WHAT IS REQUIRED ::
Please repeat the whole listing exactly, but leave out any picture it holds.

COLLECTED MATERIAL ::

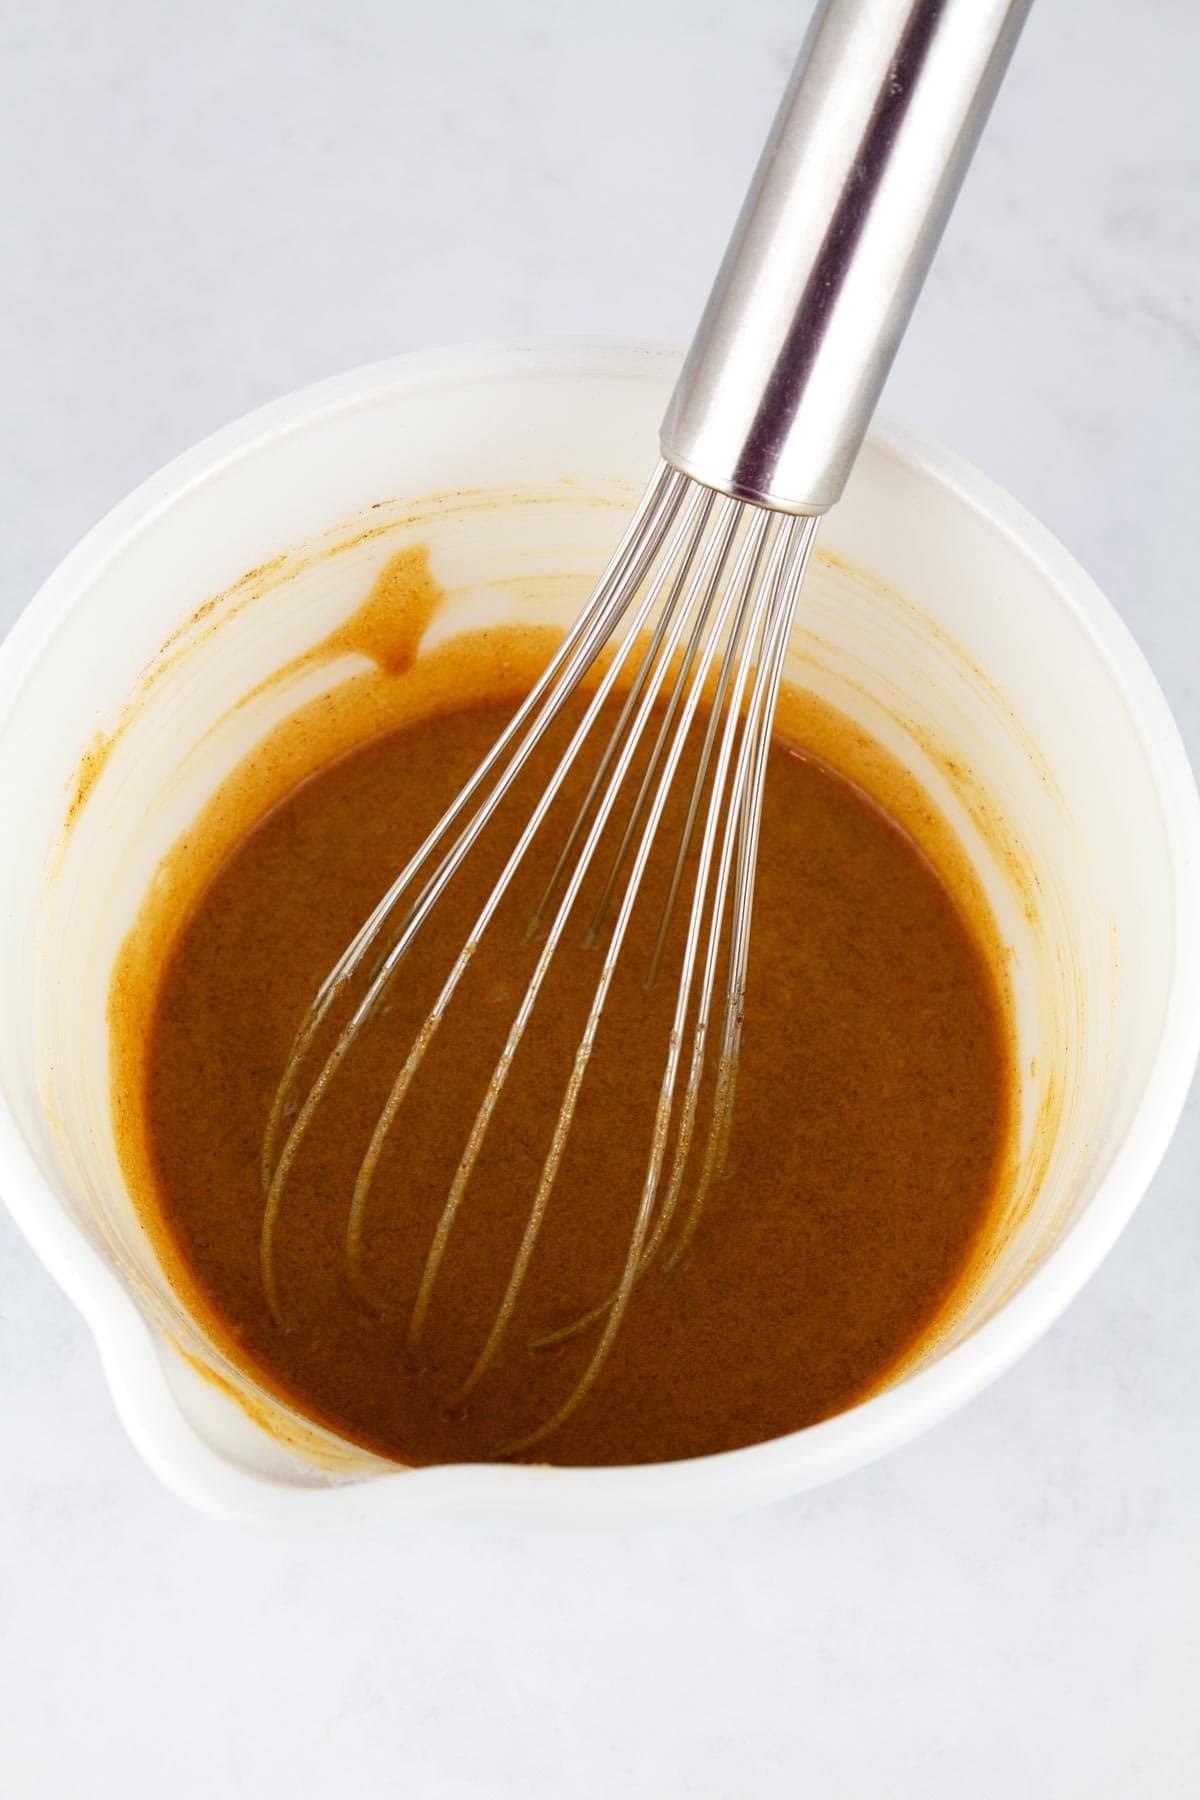 Cinnamon sugar sauce made with brown sugar and butterscotch pudding mixed in a bowl.
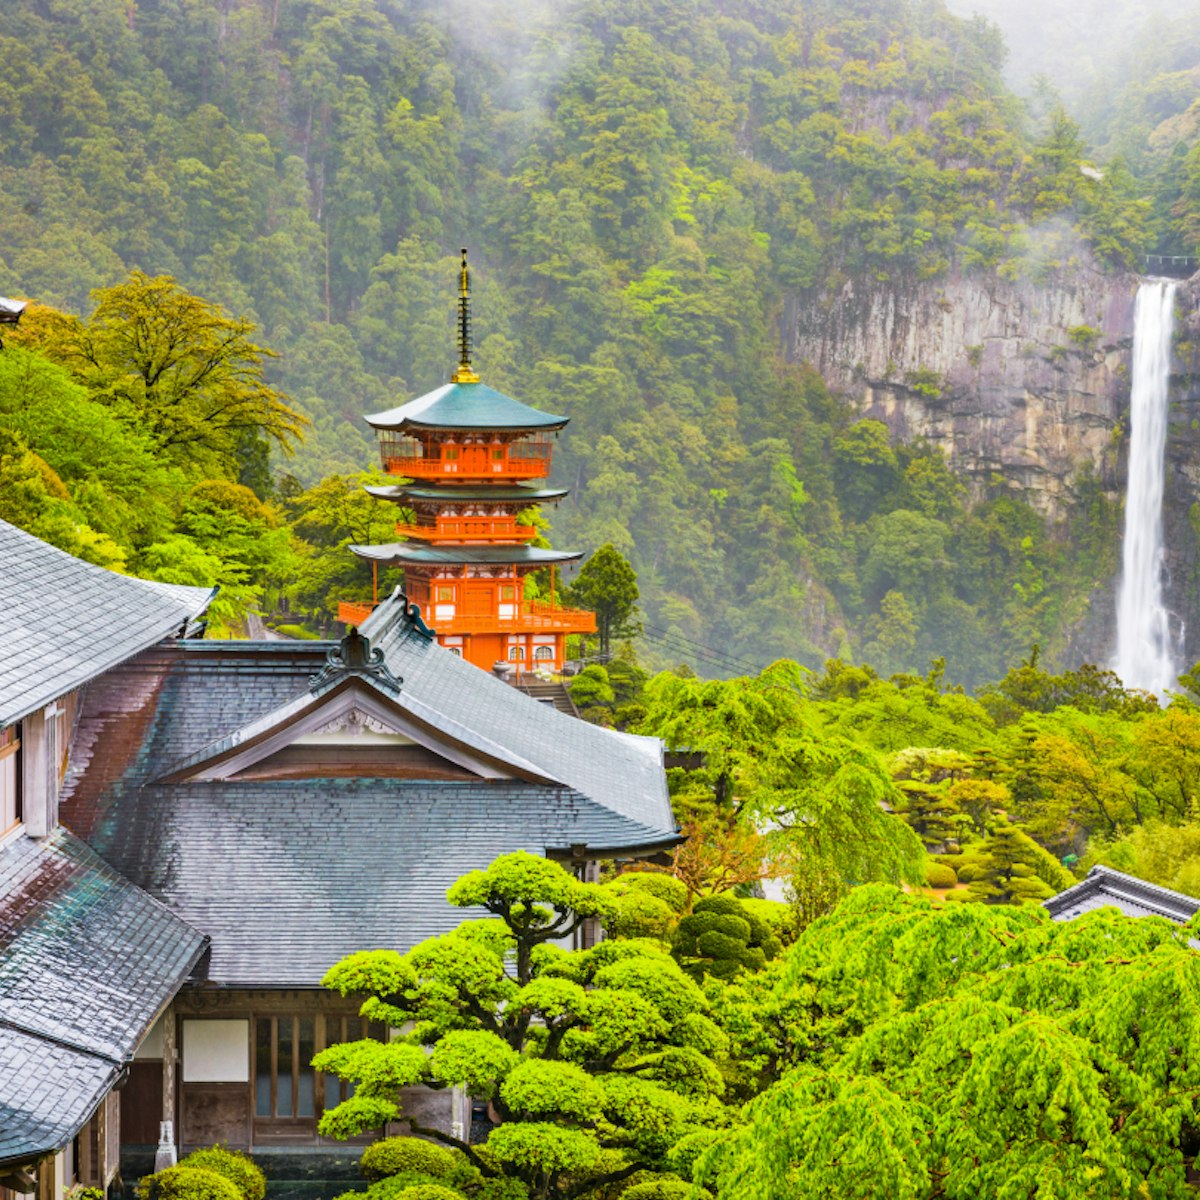 Nachi, Japan at the pagoda of Seigantoji and Nachi no Taki waterfall.; Shutterstock ID 693876538; Your name (First / Last): Laura Crawford; GL account no.: 65050; Netsuite department name: Online Editorial; Full Product or Project name including edition: Kii Peninsula page online images for BiT
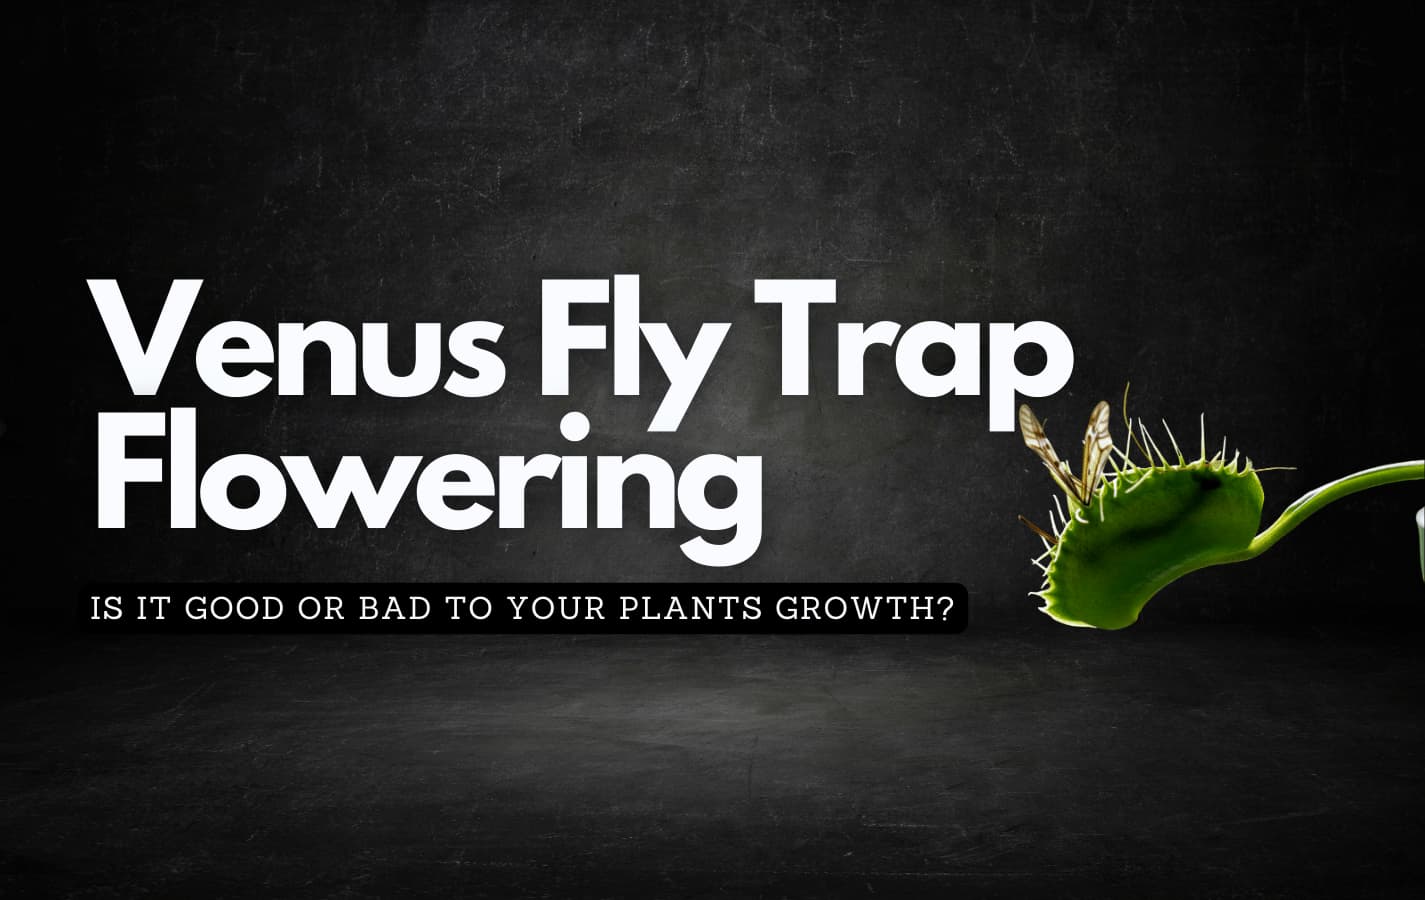 Stunning Venus Fly Trap Flowers: Facts You Need to Know

ANSWER TO THIS TASK ::
 Cinnamon sugar sauce made with brown sugar and butterscotch pudding mixed in a bowl.
 Nachi, Japan at the pagoda of Seigantoji and Nachi no Taki waterfall.; Shutterstock ID 693876538; Your name (First / Last): Laura Crawford; GL account no.: 65050; Netsuite department name: Online Editorial; Full Product or Project name including edition: Kii Peninsula page online images for BiT
 Stunning Venus Fly Trap Flowers: Facts You Need to Know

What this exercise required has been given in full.